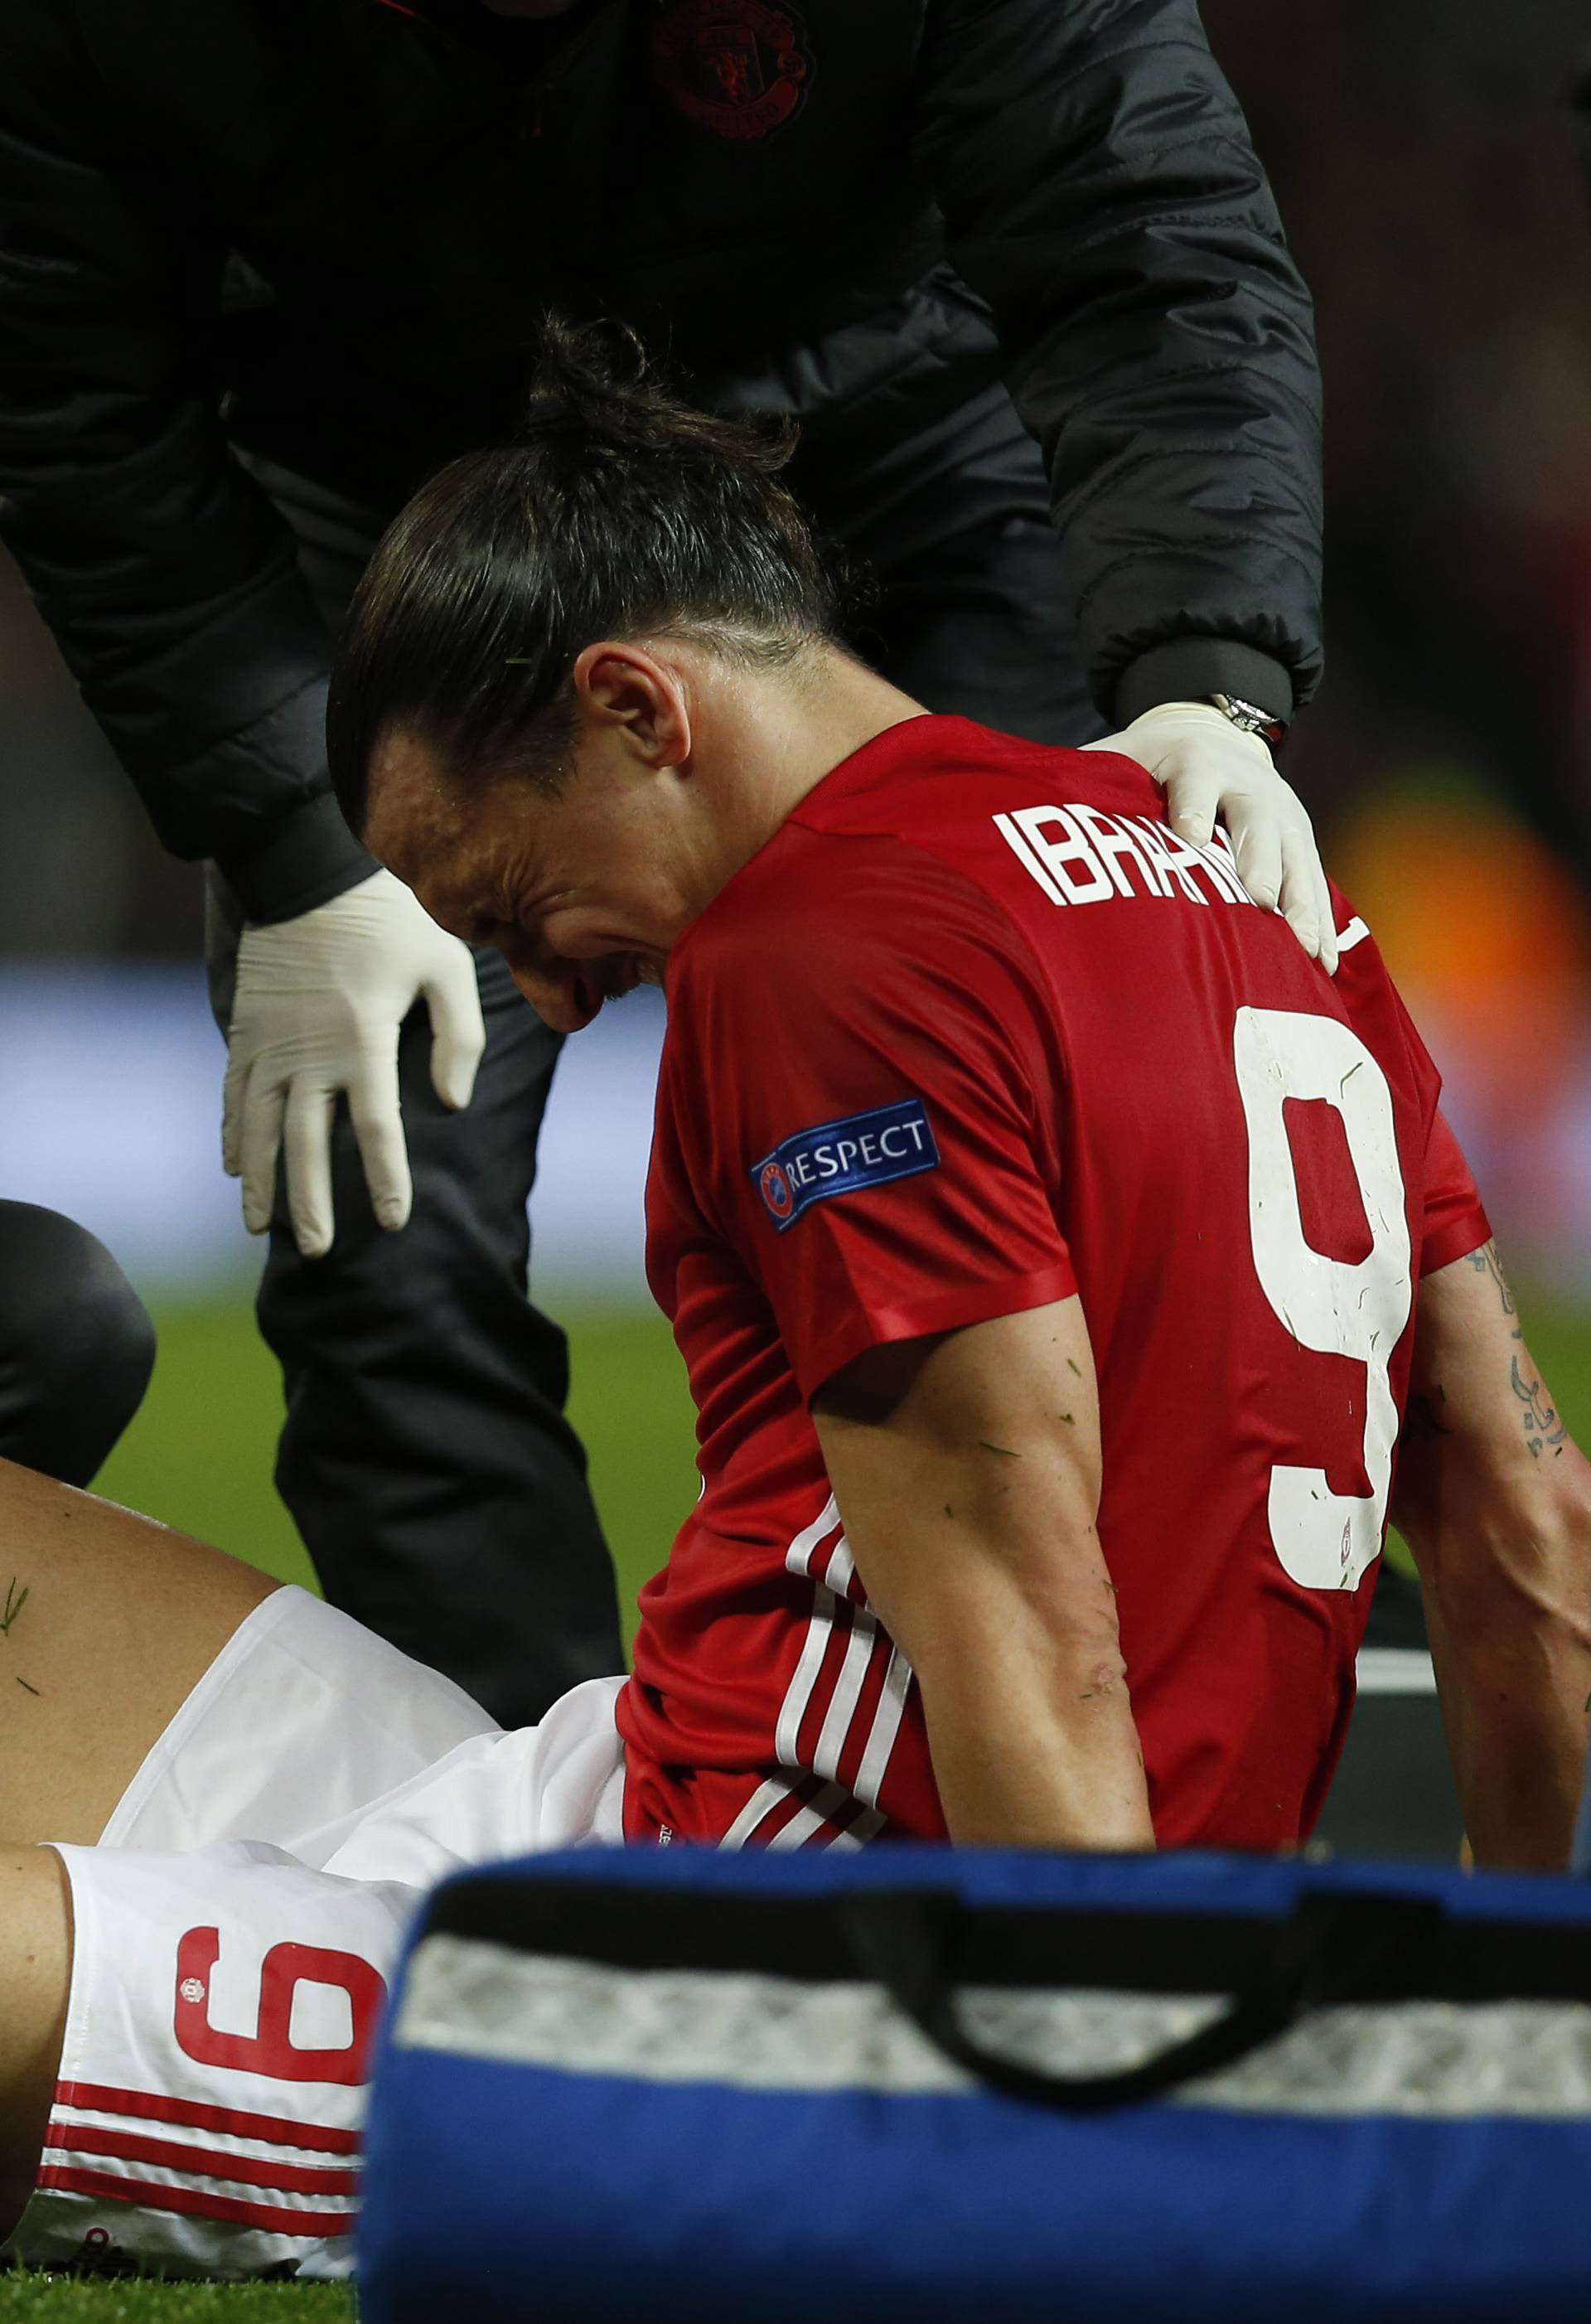 Manchester United's Zlatan Ibrahimovic receives medical attention after sustaining an injury
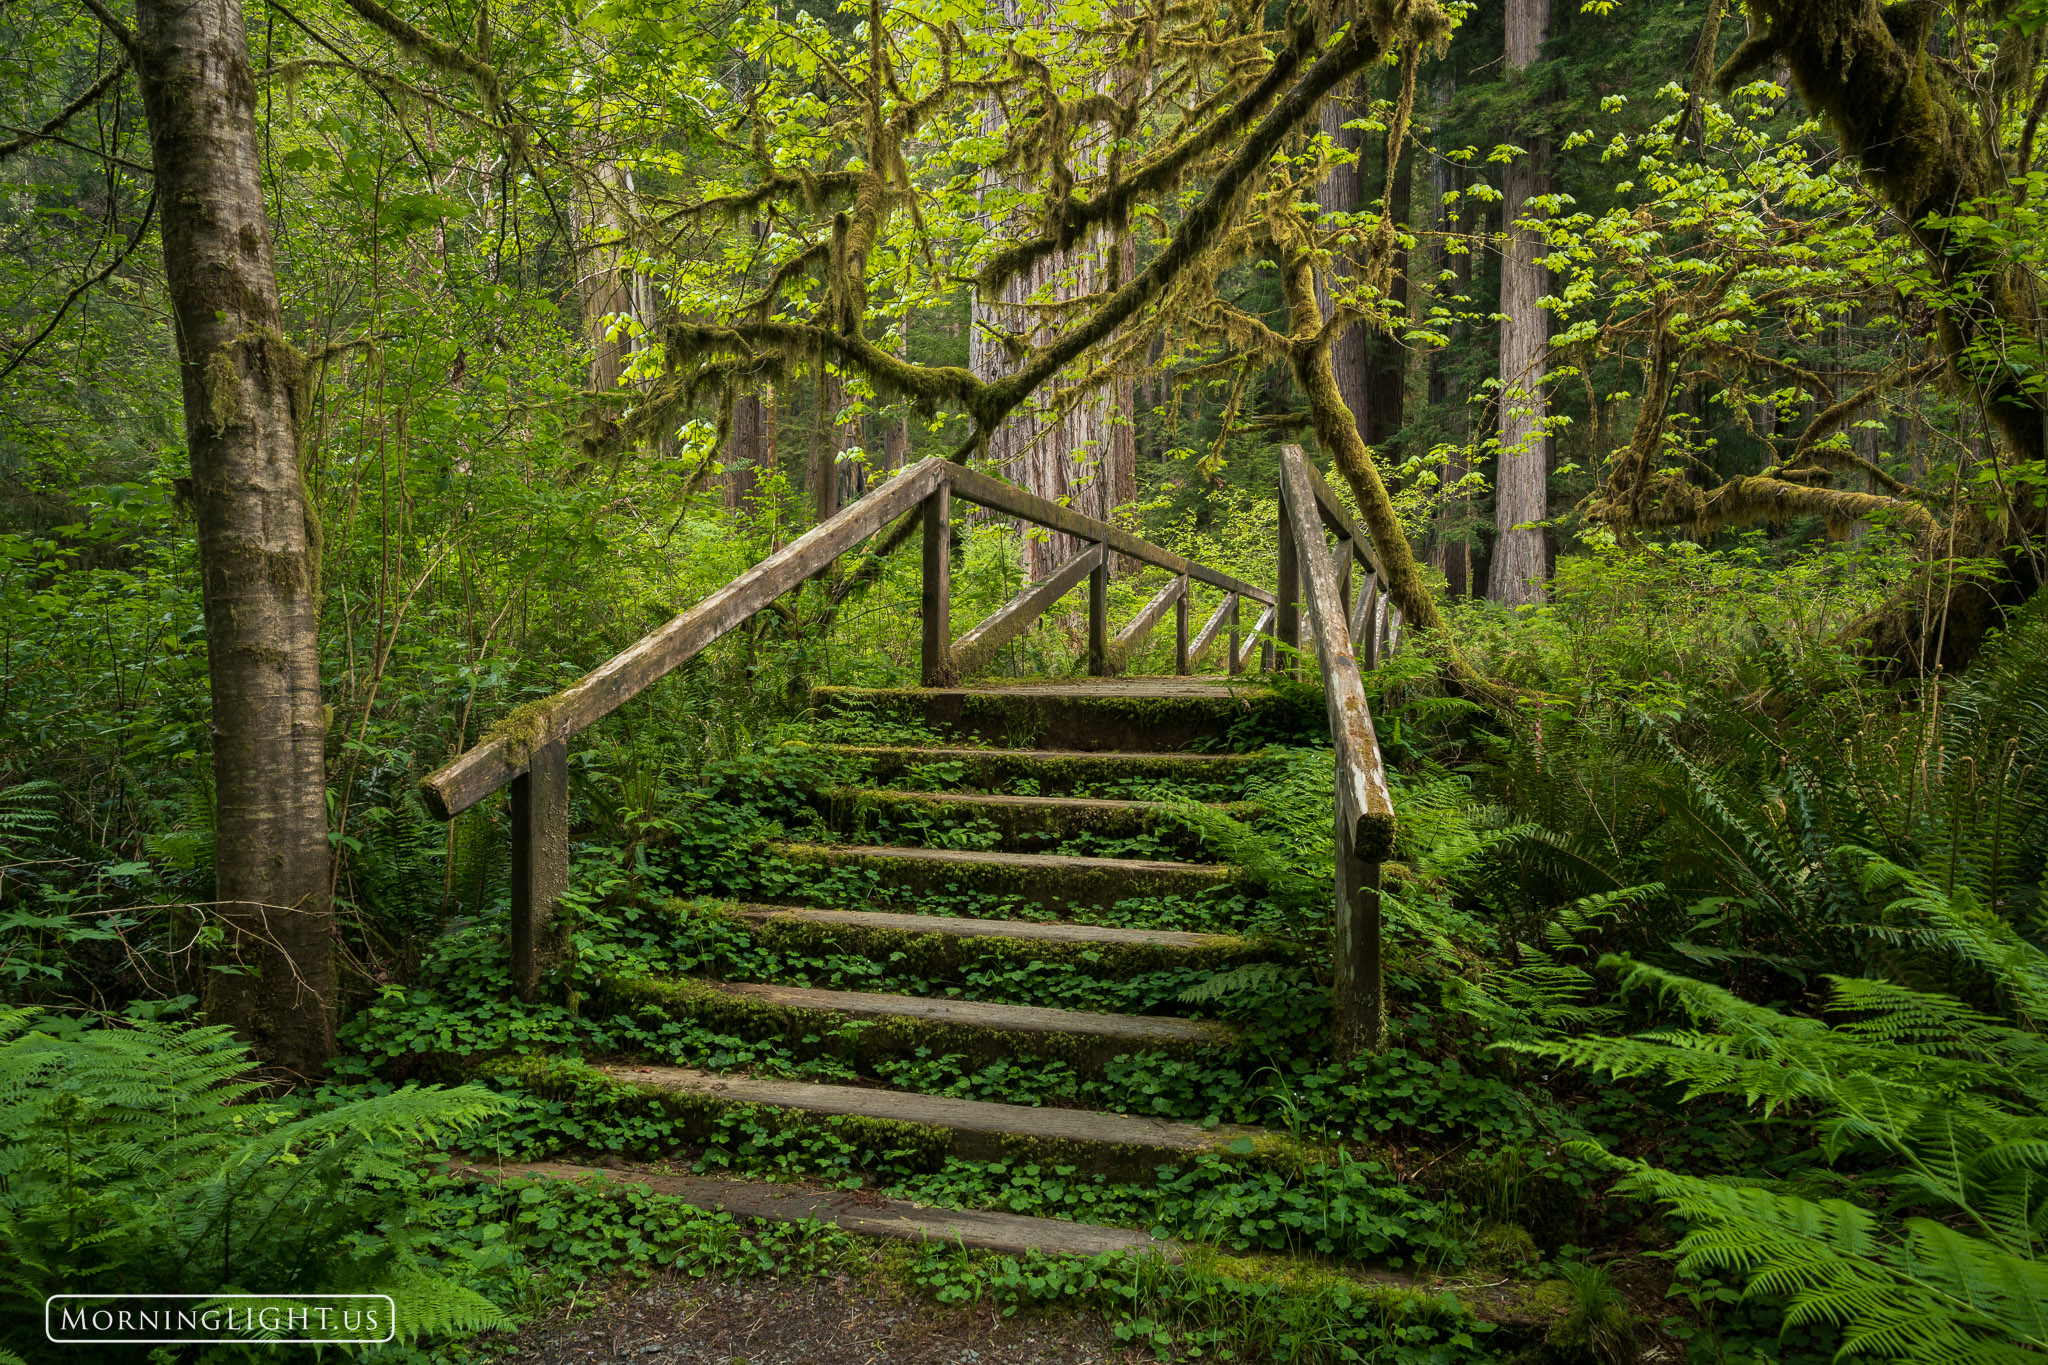 The steps leading up to this bridge seem to call you into the wild forest, almost into another world. We need to heed its call...
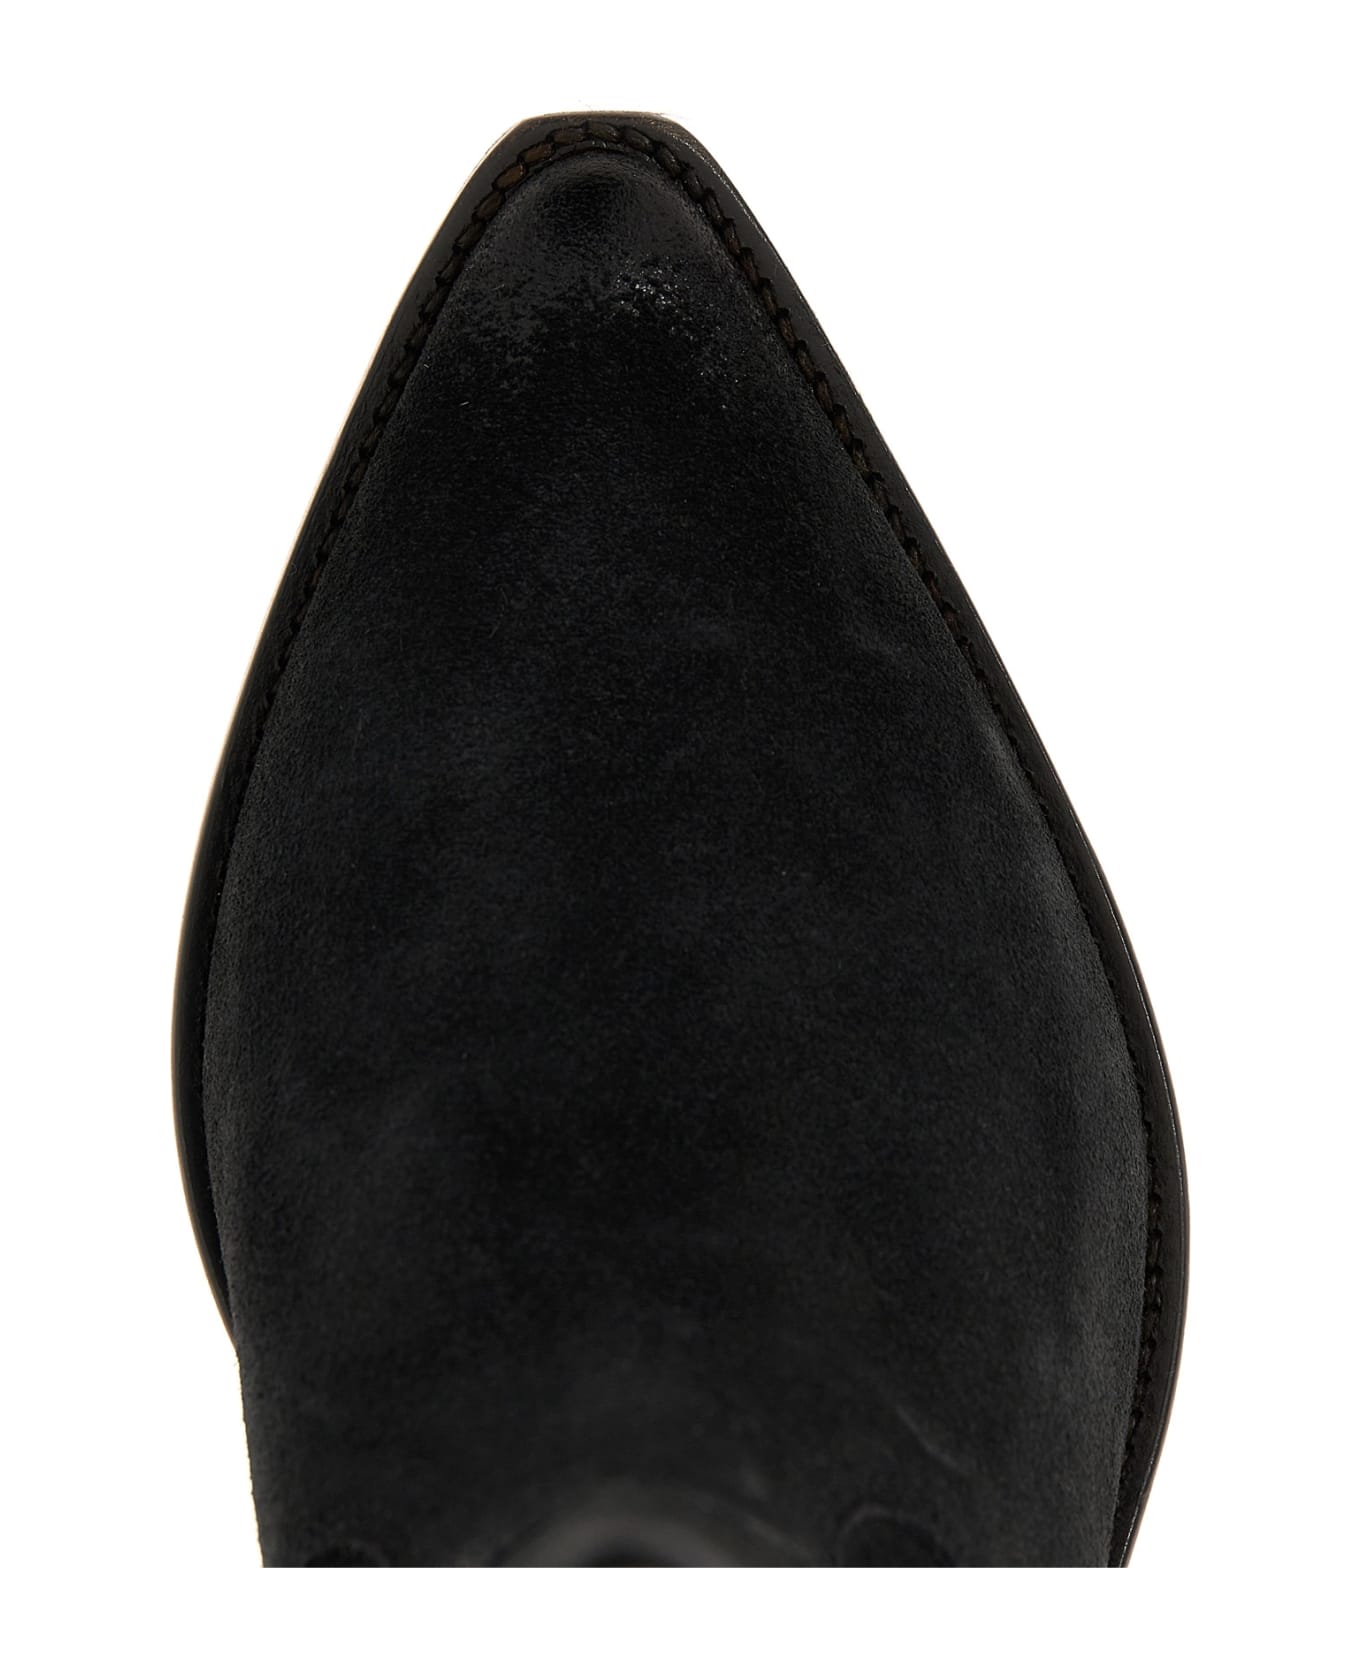 Isabel Marant Duerto Suede Cowboy Boots - FADED BLACK
------------------------------------
**Exercise:**
Set down the data exactly as it appears, without any images.

**Solution for this exercise:**
 Manchester United's Zlatan Ibrahimovic receives medical attention after sustaining an injury
 The steps leading up to this bridge seem to call you into the wild forest, almost into another world. We need to heed its call...
 Isabel Marant Duerto Suede Cowboy Boots - FADED BLACK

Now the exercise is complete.